Dragino LHT 65 Device uplink payload formatter
The connector supports both uplink and downlink messages with JSON encoded payloads. The Dragino LHT65 has a vendor supplied formatter which is automatically configured when an EndDevice is created. The EndDevice formatter configuration can also be overridden at the Application level in the app.settings.json file.
Device Live Data Uplink Data Payload
Once an EndDevice is configured in TTI/TTN I usually use the “Live data Uplink Payload” to work out the decoded payload JSON property names and data types.
LHT65 Uplink only Azure IoT Central Device Template
LHT65 Device Template View Identity
For Azure IoT Central “automagic” provisioning the DTDLModelId has to be copied from the Azure IoT Central Template into the TTI/TTN EndDevice or app.settings.json file application configuration.

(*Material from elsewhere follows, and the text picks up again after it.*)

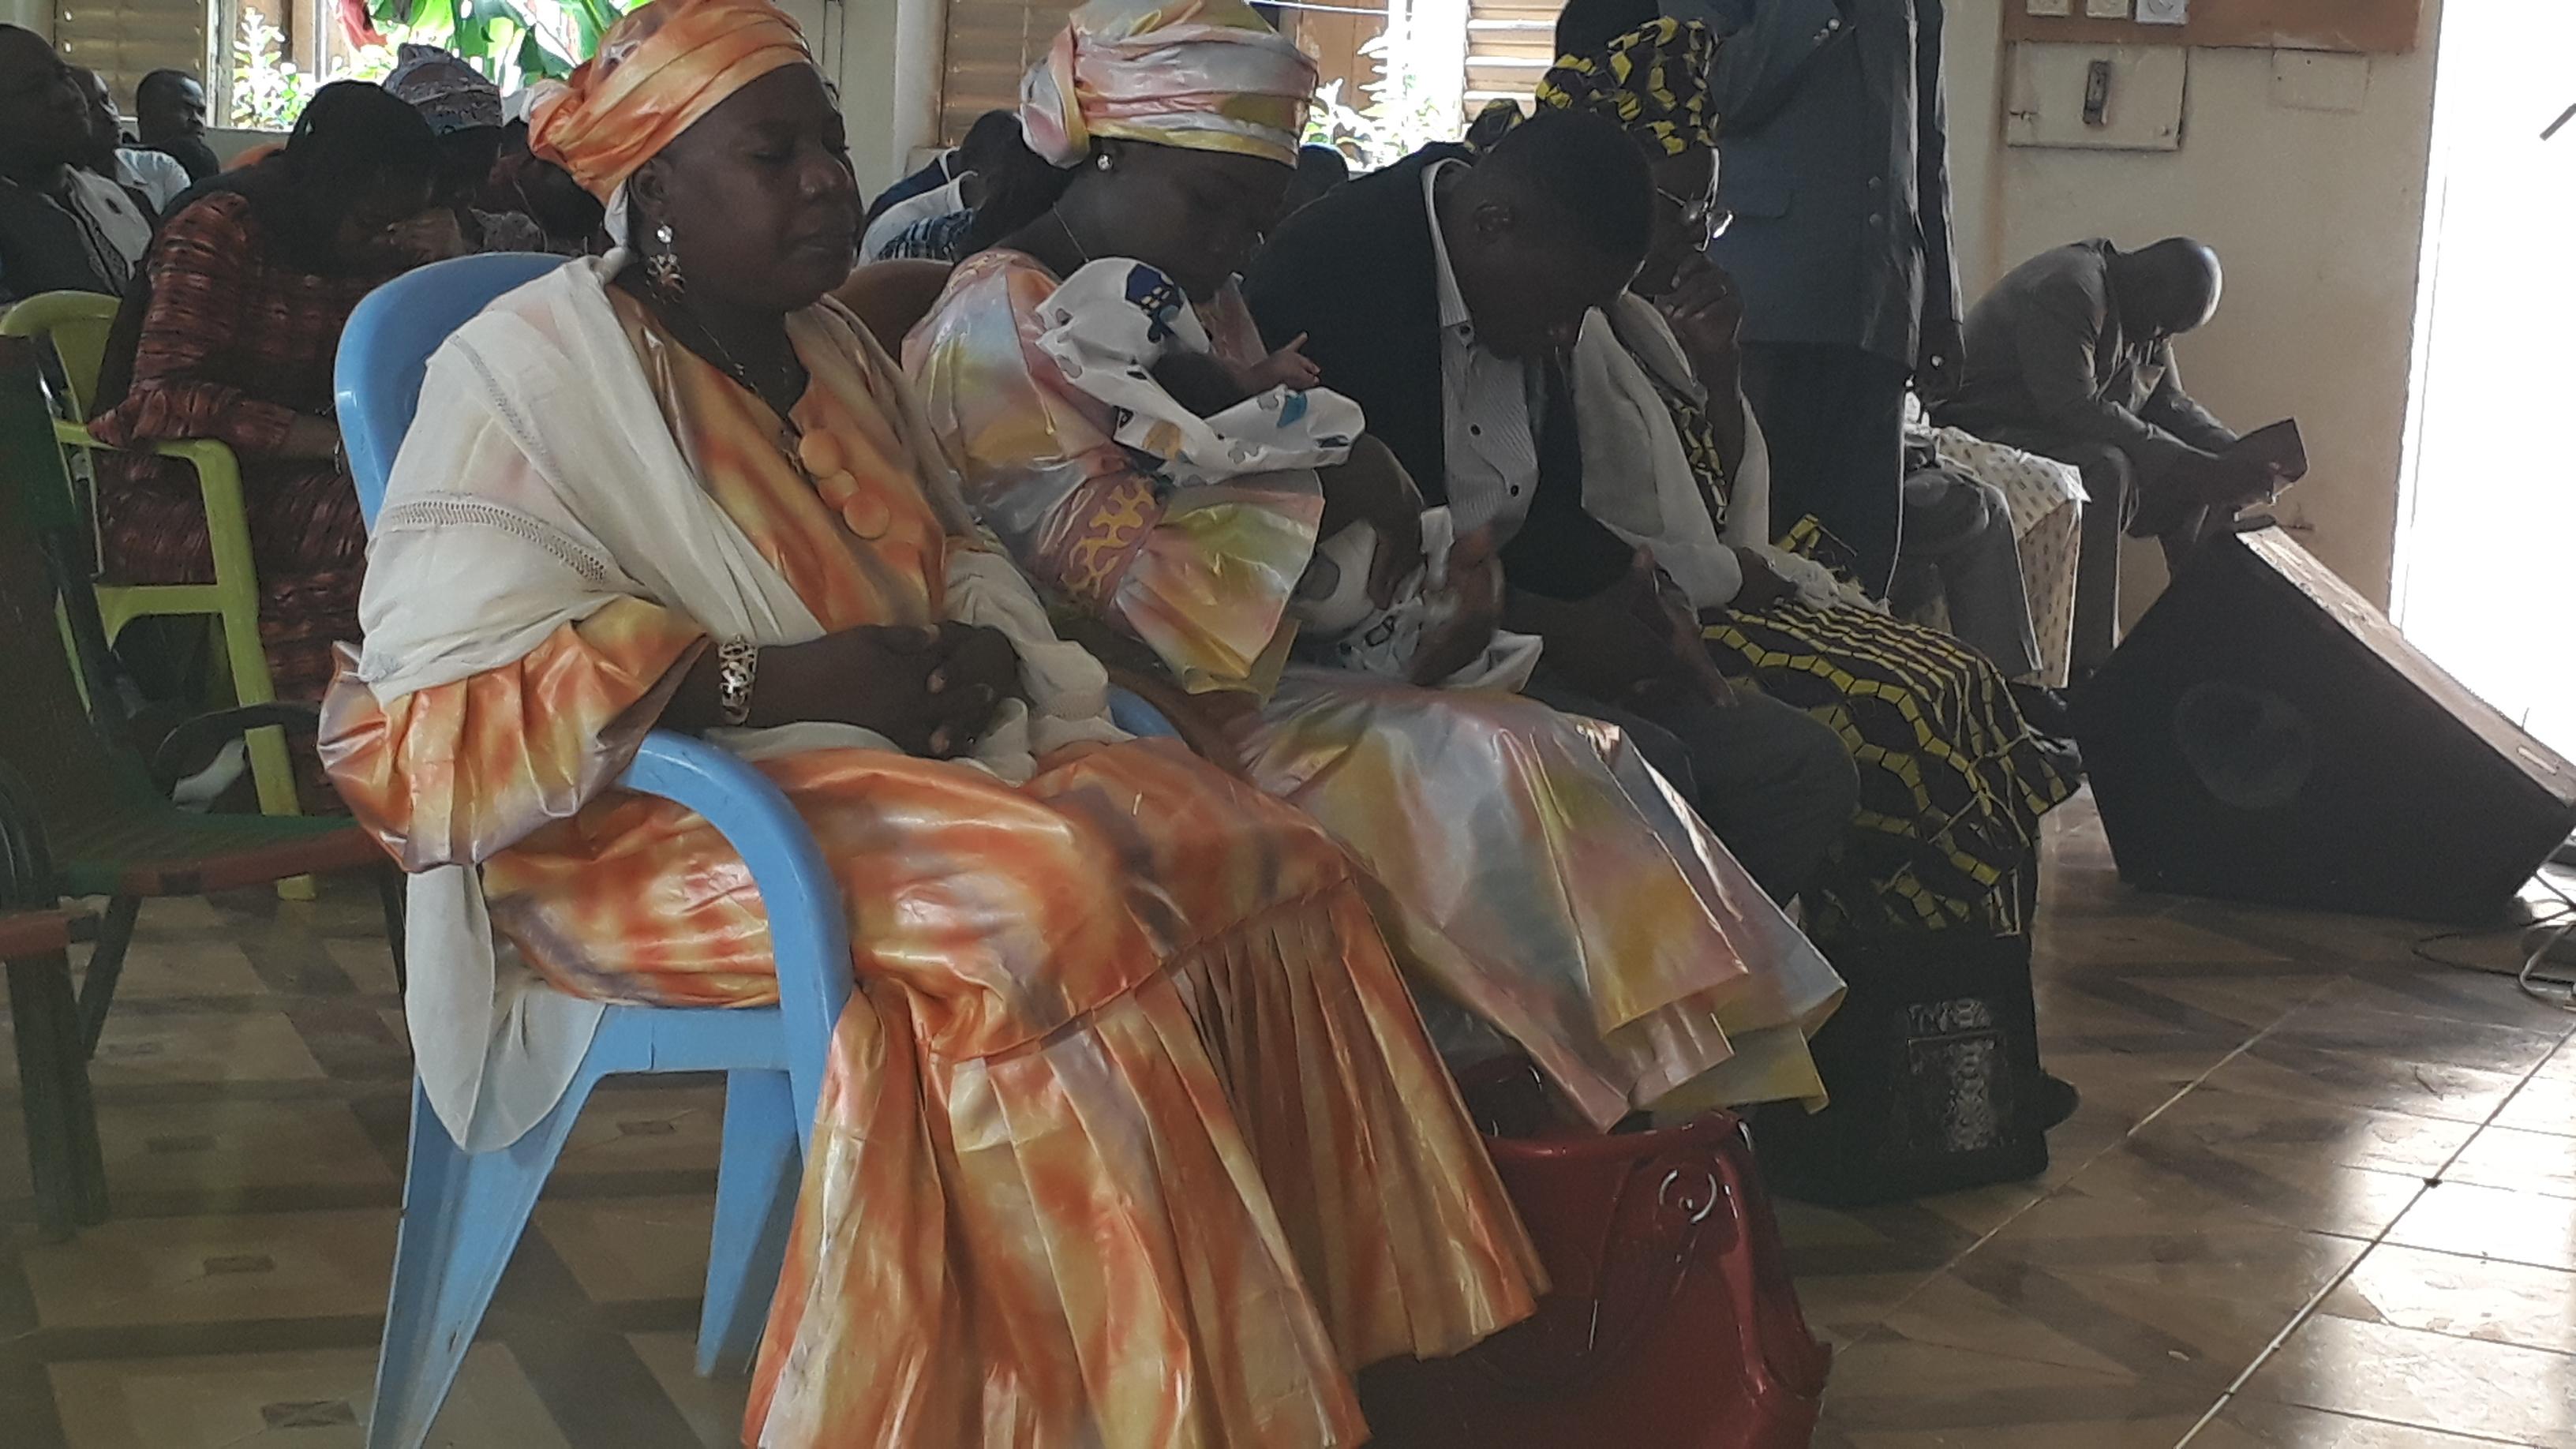 The family prays at Joshua's naming ceremony.

LHT65 Device Template copy DTDL @ID
TTI EndDevice configuring the DTDLV2 @ID at the device level
Configuring the DTDLV2 @ID at the TTI application level in the app.settings.json file
The Azure Device Provisioning Service(DPS) is configured at the TTI application level in the app.settings.json file. The IDScope and one of the Primary or Secondary Shared Access Signature(SAS) keys should be copied into DeviceProvisioningServiceSettings of an Application in the app.settings.json file. I usually set the “Automatically connect devices in this group” flag as part of the “automagic” provisioning process.
Azure IoT Central Group Enrollment Key
Then device templates need to be mapped to an Enrollment Group then Device Group.
For testing the connector application can be run locally with diagnostic information displayed in the application console window as it “automagically’ provisions devices and uploads telemetry data.
Connector application Diagnostics
Azure IoT Central Device list before my LHT65 device is “automagically” provisioned
Azure IoT Central Device list after my LHT65 device is “automagically” provisioned
One a device has been provisioned I check on the raw data display that all the fields I configured have been mapped correctly.
Azure IoT Central raw data display
I then created a dashboard to display the telemetry data from the LHT65 sensors.
Azure IoT Central dashboard displaying LHT65 temperature, humidity and battery voltage graphs.
The dashboard also has a few KPI displays which highlighted an issue which occurs a couple of times a month with the LHT65 onboard temperature sensor values (327.7°). I have connected Dragino technical support and have also been unable to find a way to remove the current an/or filter out future aberrant values.
Azure Application Insights logging
I also noticed that the formatting of the DeviceEUI values in the Application Insights logging was incorrect after trying to search for one of my Seeedstudio LoRaWAN device with its DeviceEUI.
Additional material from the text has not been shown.